§ WHAT IS NEEDED
Although the material holds pictures, none belong in the copy; transcribe exactly, and only, the lines from the one with "Marni Women Pants" through the end.

§ DATASET EXCERPT

------------------------------------

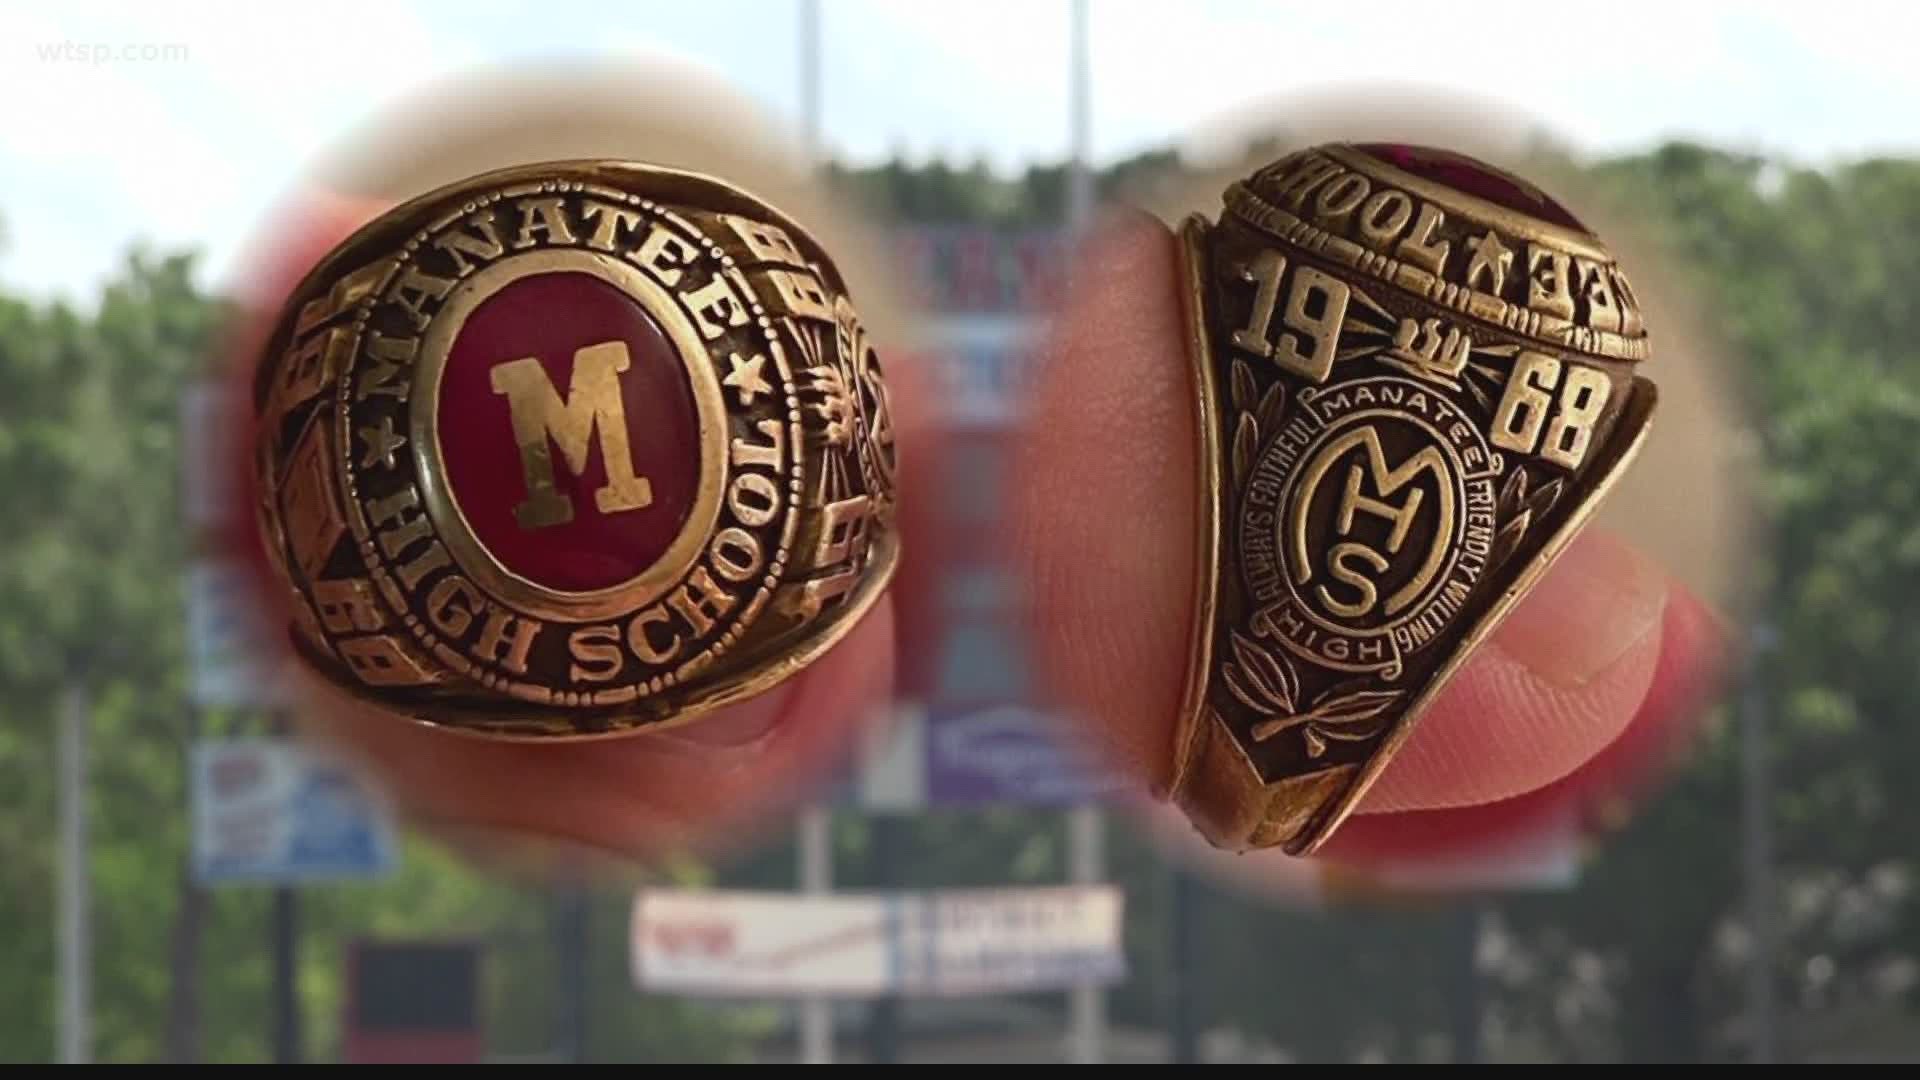 Allan Ackles' was reunited with the ring that was taken from his football locker in 1968. It was found by a man who also happened to lose his class ring in 1965.
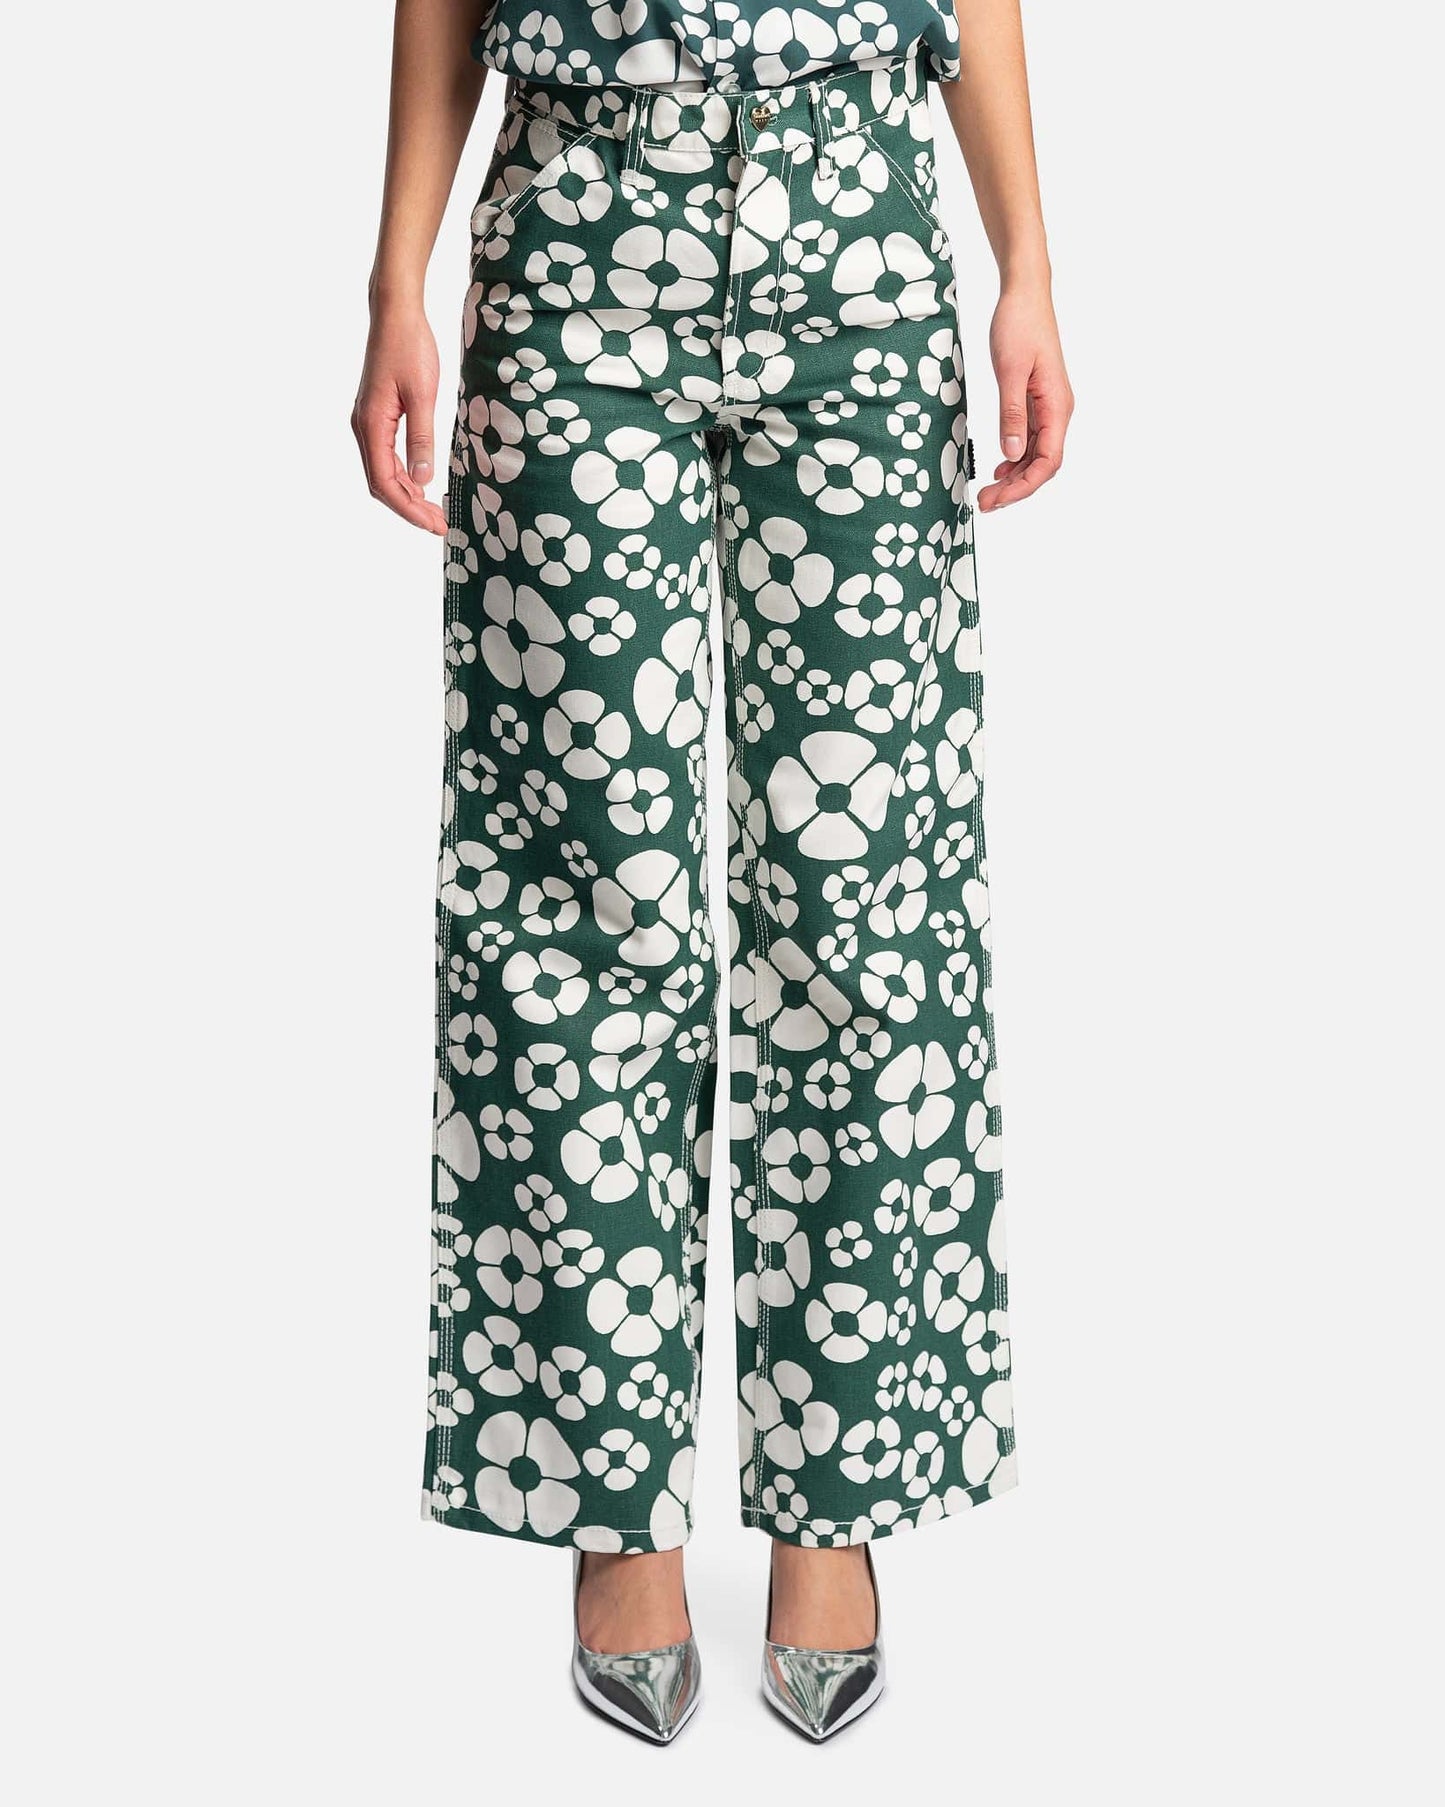 Marni Women Pants Carhartt Flower Print Cotton Canvas Trousers in Forest Green
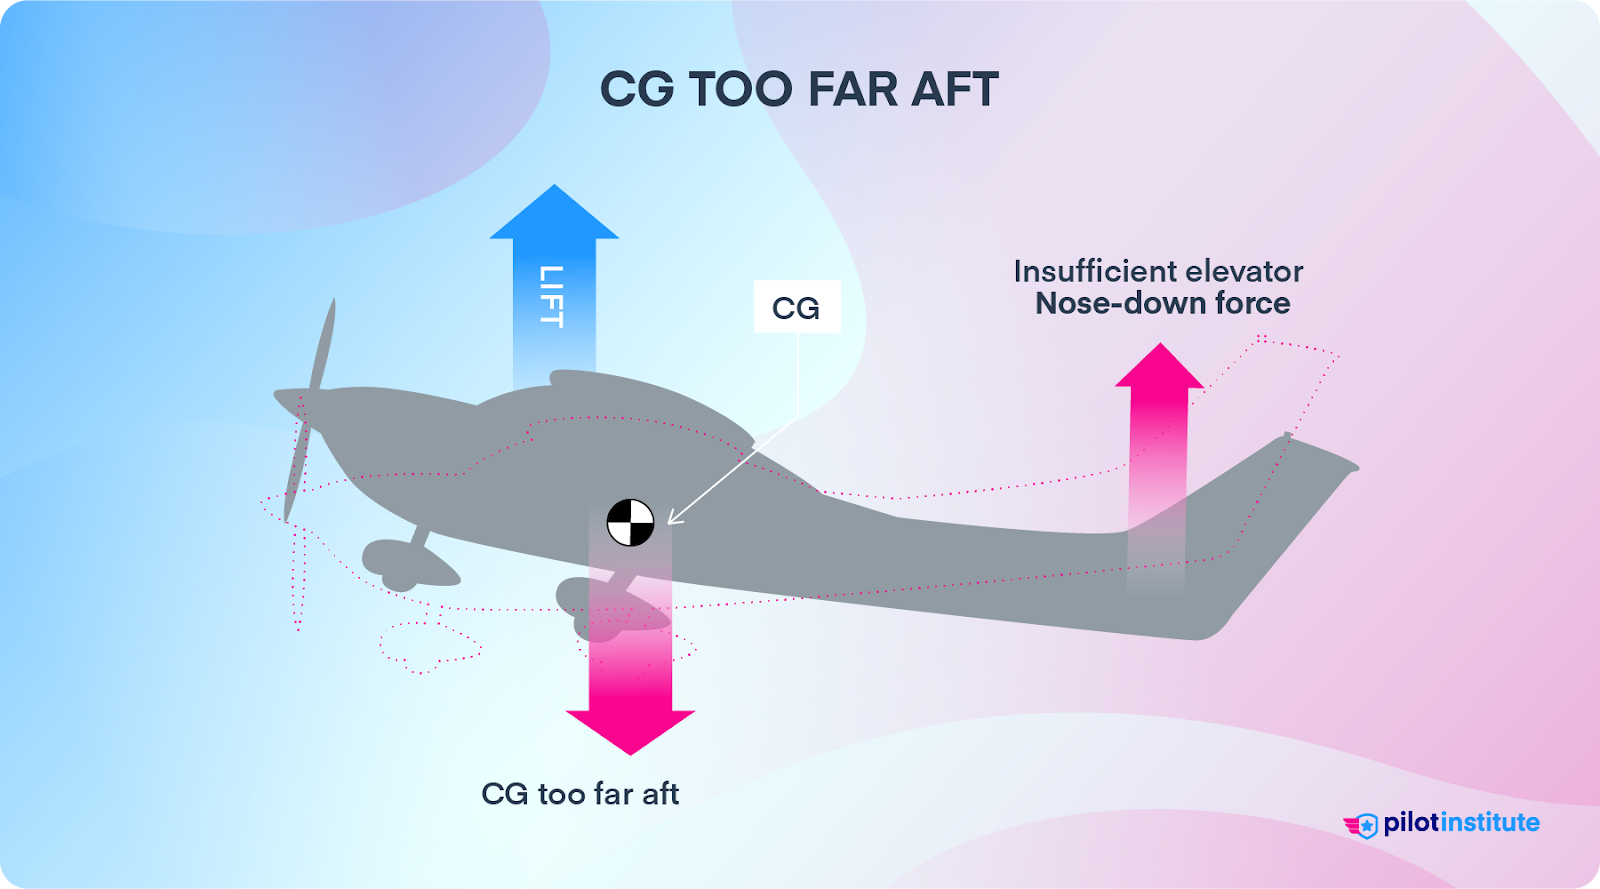 A CG too far aft results in insufficient nose-down force from the tail.

------------------------------------

§ YOUR SOLUTION
 Marni Women Pants Carhartt Flower Print Cotton Canvas Trousers in Forest Green
 A CG too far aft results in insufficient nose-down force from the tail.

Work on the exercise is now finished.